Modeling of the New Jersey Continental Shelf in the Miocene: Insights into Sedimentation Processes, Sea-level change, and Climate

Global mean sea level is rising today at approximately 3.4 mm/year and accelerating, though it is unclear how processes of sinking of the land and sediment input to the coasts influence the impact of sea-level rise on ancient, modern, and future shorelines. This research will improve knowledge of how local processes drive observed sea-level variations on continental margins in general, and at the US mid-Atlantic margin in particular.

The investigators will combine information from sediment samples, high-resolution subsurface imaging, and modeling to evaluate global, regional, and local impacts on the stability of shorelines in a changing world. Broader impacts include support for two Early Career Researchers and a community workshop. The investigators will continue their long-standing sea-level outreach to students, the public, and stakeholders through research opportunities, teaching, public events, and press interviews.

IODP Expedition 313 drilled, cored, and logged Neogene clinoforms on the New Jersey middle shelf to recover geologic evidence of the impact of changes in sea-level, sediment delivery, and tectonism on shallow water sedimentation. The RV Marcus G. Langseth collected 550 km2 of high-resolution 3D seismic reflection data surrounding these drillsites, placing the cores, logs and previous regional 2D seismic data in a spatial and temporal context.

The current research will apply state-of-the-art imaging to the 3D volume and iteratively match it with 2D forward models of sequence evolution to improve knowledge of how coastlines and shallow shelves evolve in response to changes in sediment supply, global mean sea level and tectonics (including thermal subsidence, flexural response, and mantle dynamic topographic variations). The investigators have proposed three hypotheses: 1) a major increase in sediment supply to the NJ margin began at ca. 13 Ma, significantly widening the shallow continental shelf and sharply changing sequence geometries, facies distributions, and processes of seaward sediment transport; 2) gravity-driven debris flows played a major role in downslope sediment transport before the Middle Miocene Climate Transition (14.8-12.8 Ma), but during and after this interval canyon cutting coupled with channelized flows became the major agent moving sediment to the outer continental shelf and beyond; and 3) global mean sea-level change throughout the Neogene was the dominant process forming sequence boundaries on the Myr to 405 kyr scale, while variations in sediment supply were responsible for changes in sequence geometry and facies distribution.

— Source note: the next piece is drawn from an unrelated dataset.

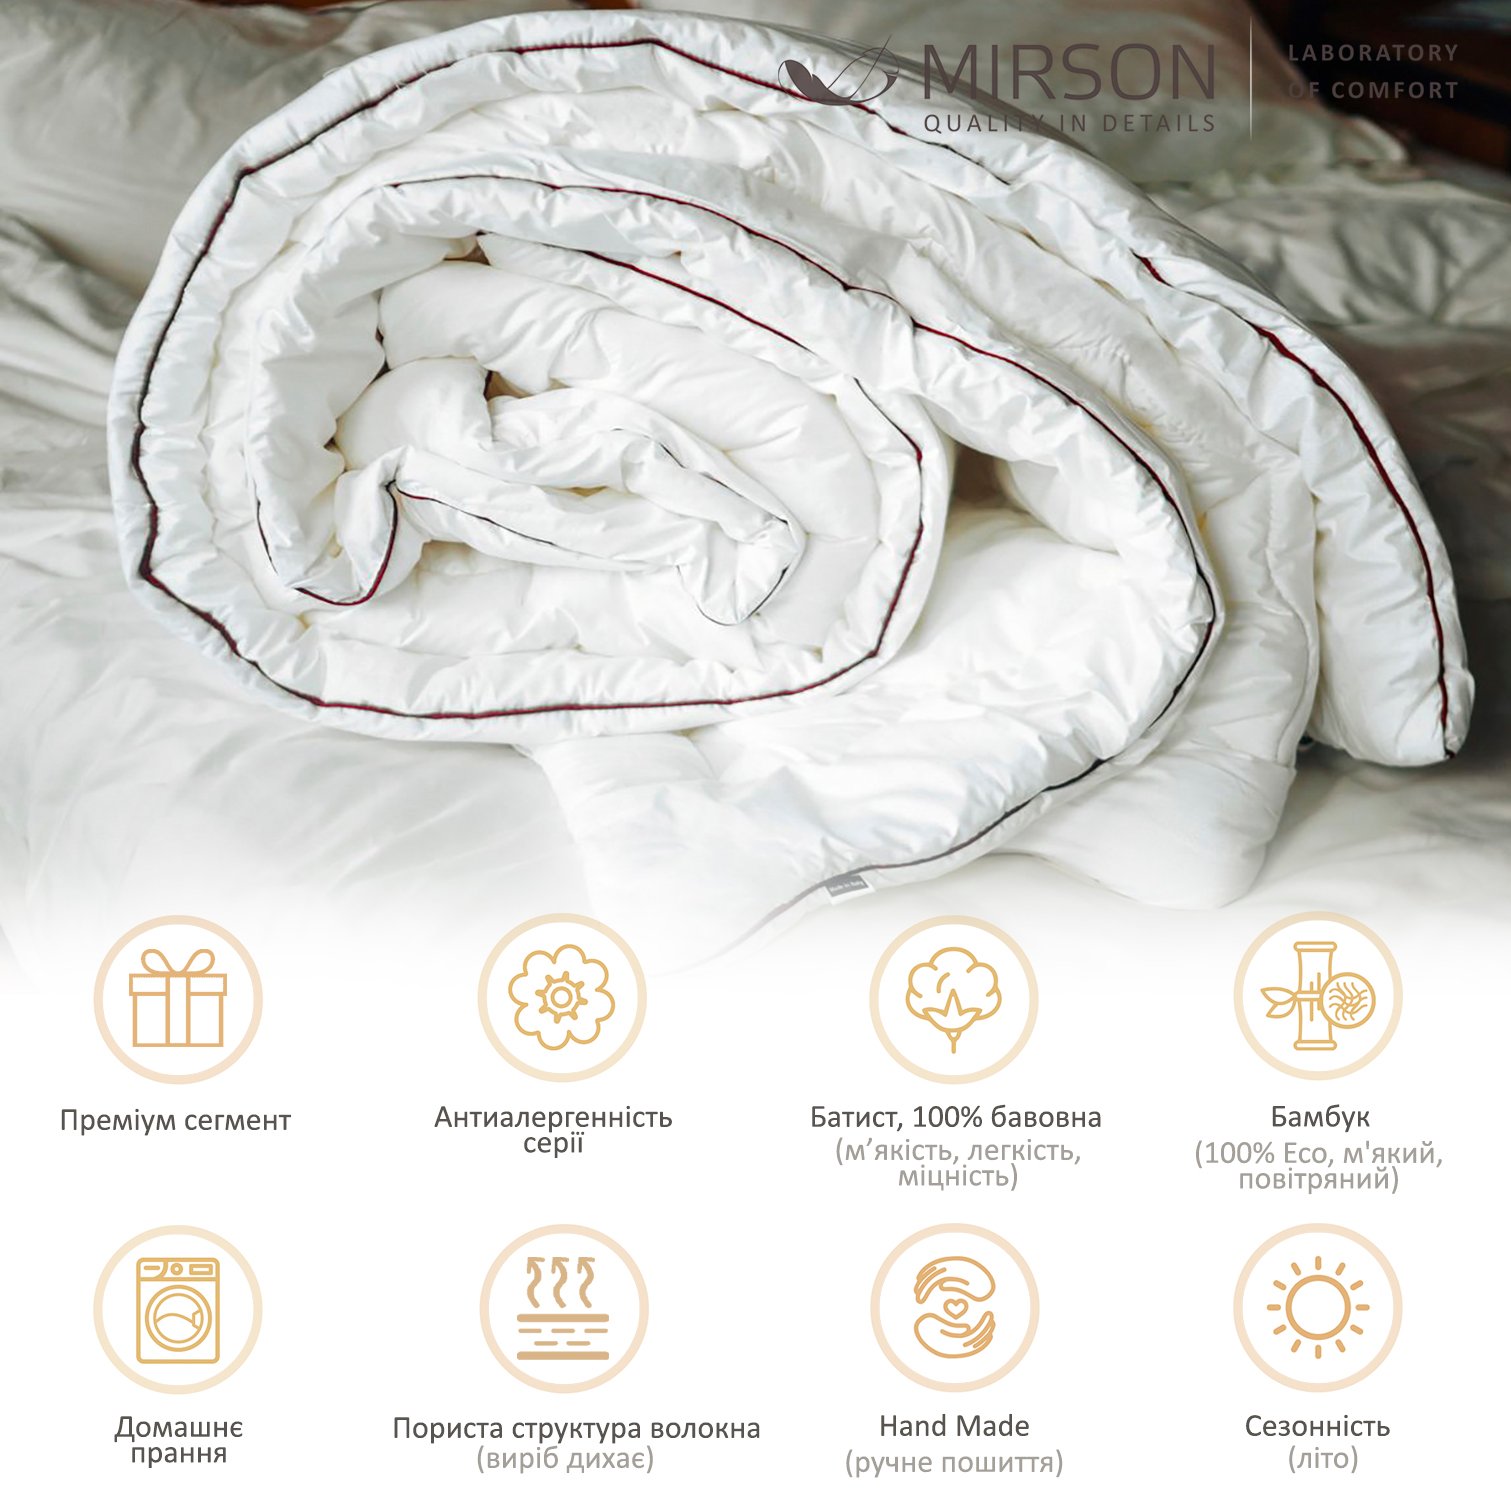 Одеяло бамбуковое MirSon Deluxe Hand Made №0444, летнее, 140x205 см, белое - фото 5

These hypotheses will be tested by applying 3D seismic imaging techniques in a sequence stratigraphic framework including analyses of seismic attributes to map stratal geometry and facies ground-truthed at the Exp 313 drill sites. The investigators have developed a 2D forward stratigraphic model that simulates deposition of marine siliciclastic sediments on a passive margin in response to parameterized variations in global mean sea level, sediment supply, and subsidence due to thermal cooling, flexure, and compaction.

They will use optimization algorithms applied within a Bayesian framework to yield a probabilistic fit of the model output to the observed stratigraphic record and generate the most likely history of these drivers. This Bayesian inference framework will be used to derive model output values for metrics like shoreline position, which is challenging to measure independently from the underlying data, but can be constrained within the model output by core data and the proposed 3D seismic facies analysis.

Integrating continuously cored and logged drillsites with high-resolution 3D seismic data and forward stratigraphic modeling poses a unique research opportunity. Results will advance understanding of the response of ancient shorelines to changes in sea-level, sediment supply and tectonics and contribute to informed predictions of how these factors will impact coastlines of the future.

This project will support two Early Career Researchers and foster their development as leaders in seismic imaging and stratigraphic modeling used to evaluate the relative effects of change in global mean sea level, deformation of the Earth, and rates of sediment supply on shoreline position. The researchers will run a two-day community workshop on sequence stratigraphy and stratigraphic modeling.

This award reflects NSF's statutory mission and has been deemed worthy of support through evaluation using the Foundation's intellectual merit and broader impacts review criteria.